When we need the file name, e.g., to construct a local path or
remote object key, we construct the name ad-hoc.
`LayerFileName` is also serde {Dese,Se}rializable, and in an initial
version of this patch, it was supposed to be used directly inside
`IndexPart`, replacing `RemotePath`.
However,
commit 3122f3282f
Ignore backup files (ones with .n.old suffix) in download_missing
fixed handling of `*.old` backup file names in IndexPart, and we need
to carry that behavior forward.
The solution is to remove `*.old` backup files names during
deserialization.
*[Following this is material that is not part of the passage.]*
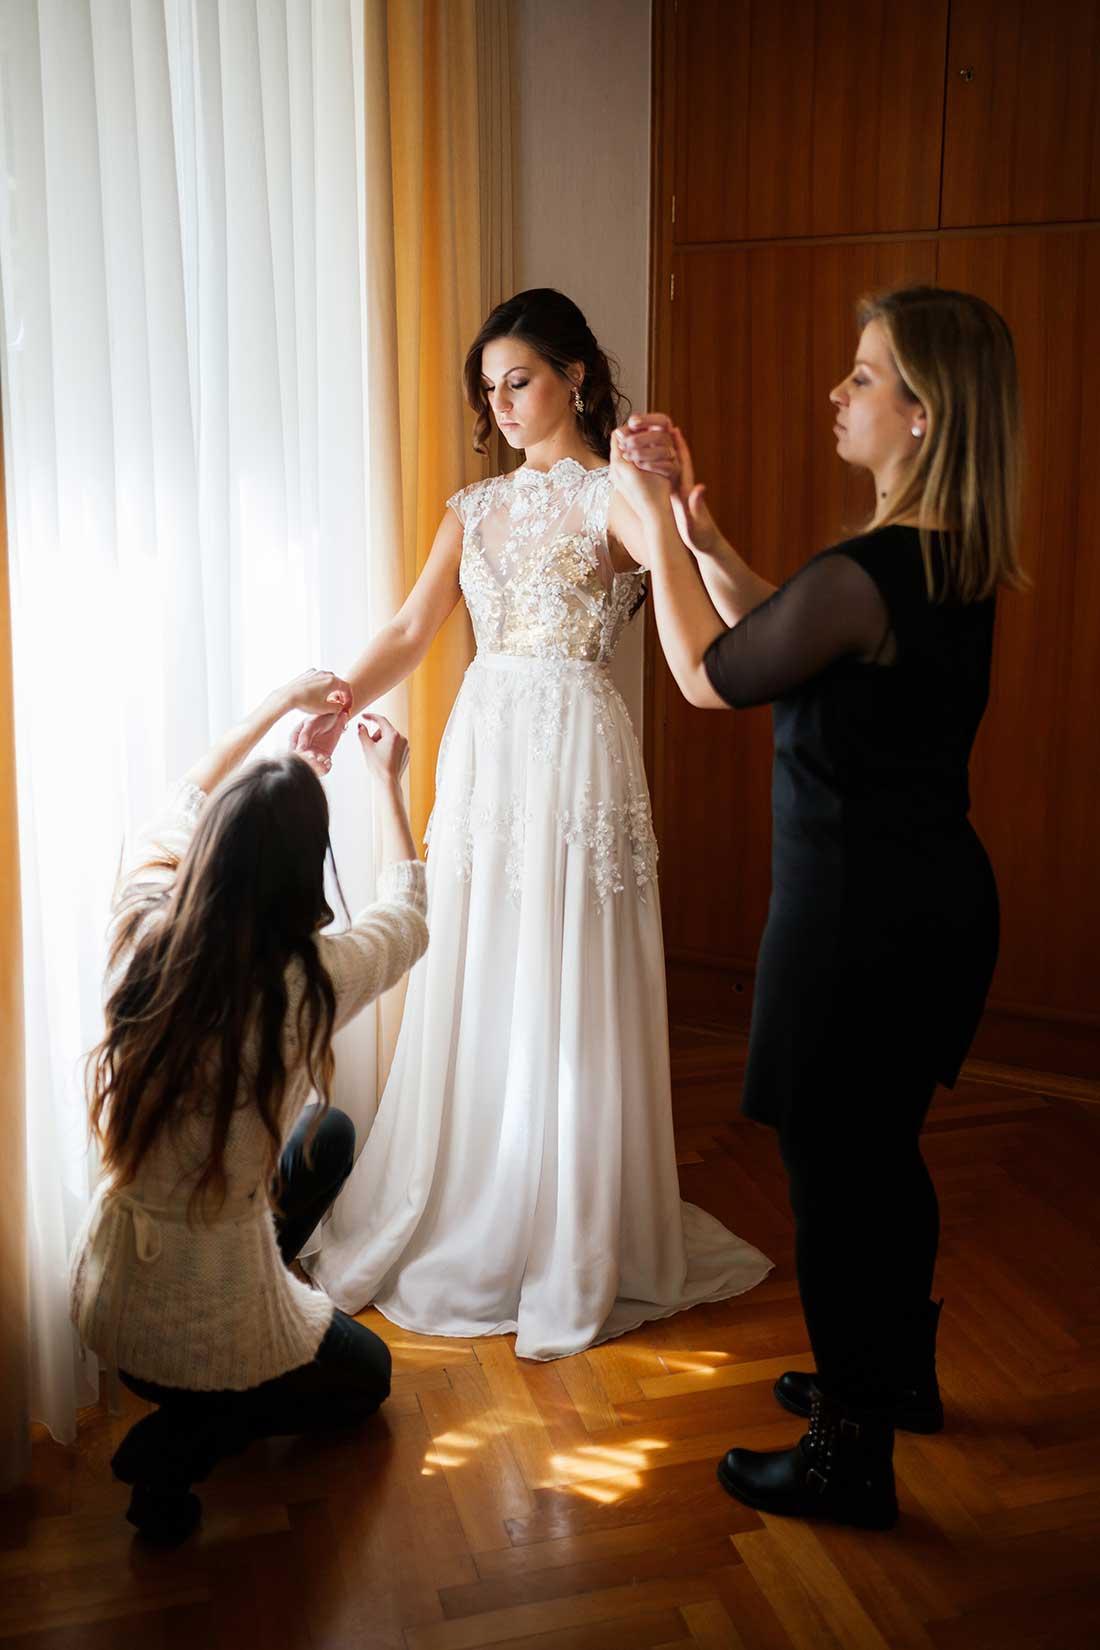 MA-08-final-touches-bride

When we re-serialize the IndexPart, the `*.old` file
will be gone.
This leaks the `.old` file in the remote storage, but makes it safe
to clean it up later.
There is additional churn by a preliminary refactoring that got squashed
into this change:
split off LayerMap's needs from trait Layer into super trait
That refactoring renames `Layer` to `PersistentLayer` and splits off a subset
of the functions into a super-trait called `Layer`.
The upser trait implements just the functions needed by `LayerMap`, whereas
`PersisentLayer` adds the context of the pageserver.
The naming is imperfect as some functions that reside in `PersistentLayer`
have nothing persistence-specific to it. But it's a step in the right direction.